My plan for this thing is to get the stick figure model to look right with all the joint PYRs, and once that is done, add an animation timeline to it; then you can define keyframes and export a demo of your animation.
Getting all the joint rotations in my stick figure is by far the hardest part. I really, really, really hate dealing with the exact kind of code this thing requires. -
After looking at the gametrailer contest entries, it's clear that we all have different ways to tell a story. So, this is mine:
1) Define character(s).
2) Place character(s) in setting.
3) Introduce conflict.
4) Attempt to resolve conflict
5a) Fail, go to 4.
5b) Succeed, but introduce new conflict, go to 4.
5c) Conflict solved, go to 6.
6) Epilogue.
I think it's a pretty standard way to tell a story, and you can recognize this structure in most stories. Applying it to an expanded version of Donuts:
1) Character: Fusionette.
2) Setting: donut shop.
3) Conflict: no more donuts.
4) Attempt to buy donuts elsewhere.
5a) Fail, only shop in Paragon City.
4) Attempt to bake own donuts.
5a) Fail, sets kitchen on fire.
4) Rob a bank to buy a donut shop.
5b) Succeed, but now she's a villain.
4) No attempt to solve the conflict, but...
5c) It was all a daydream.
6) Banter with Penelope on the way to get donuts.
As you can see this structure makes it very easy to expand any story by just adding more 5a/b loops. It's also easy to introduce secondary plots: I already introduced another character (Penelope) who could have her own loop with her own setting (her house) and her own conflict (Fusionette won't leave) and her own attempts to solve the conflict (do boring stuff, invite someone she can't stand over, pretend she got kidnapped, etc).
So, how do you tell a story? -
Dang! I was so busy doing the COH Poser that I forgot finalists were announced today!
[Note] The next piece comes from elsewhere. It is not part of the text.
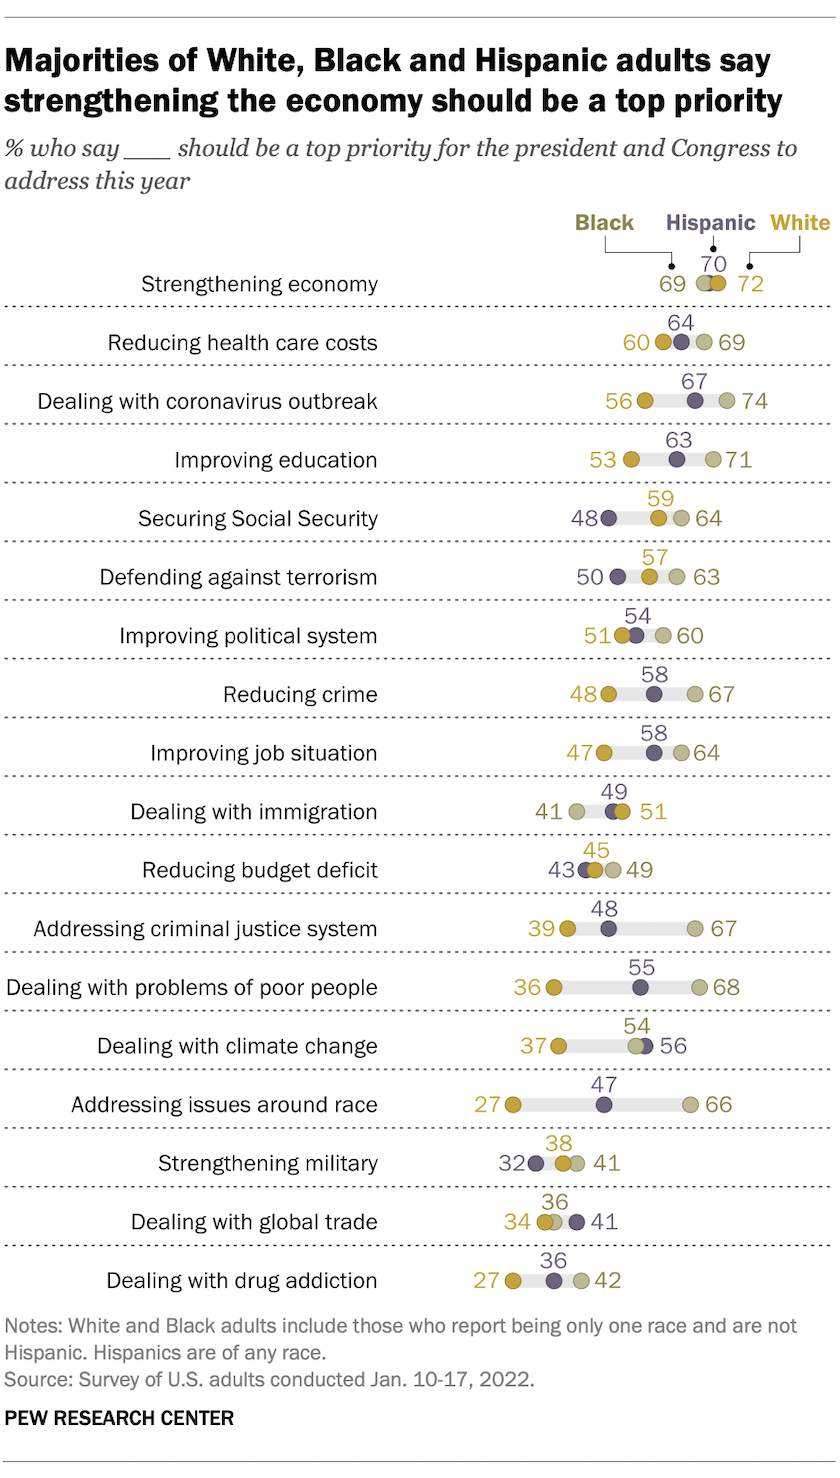 Majorities of White, Black and Hispanic adults say strengthening the economy should be a top priority

Yay!
One thing I don't like is that the page appears to allow votes from people with no gametrailers account, just by visiting it. That would make it very easy to cheat by spoofing votes... -
Progress report: COH Poser v0.20
I think my stick figure limbs are too long. But, all the Pitch translations seem to be working; I made some progress with Yaw and Roll but they're giving me hideous headaches. I'm heading out, so that's probably all the progress you'll see today.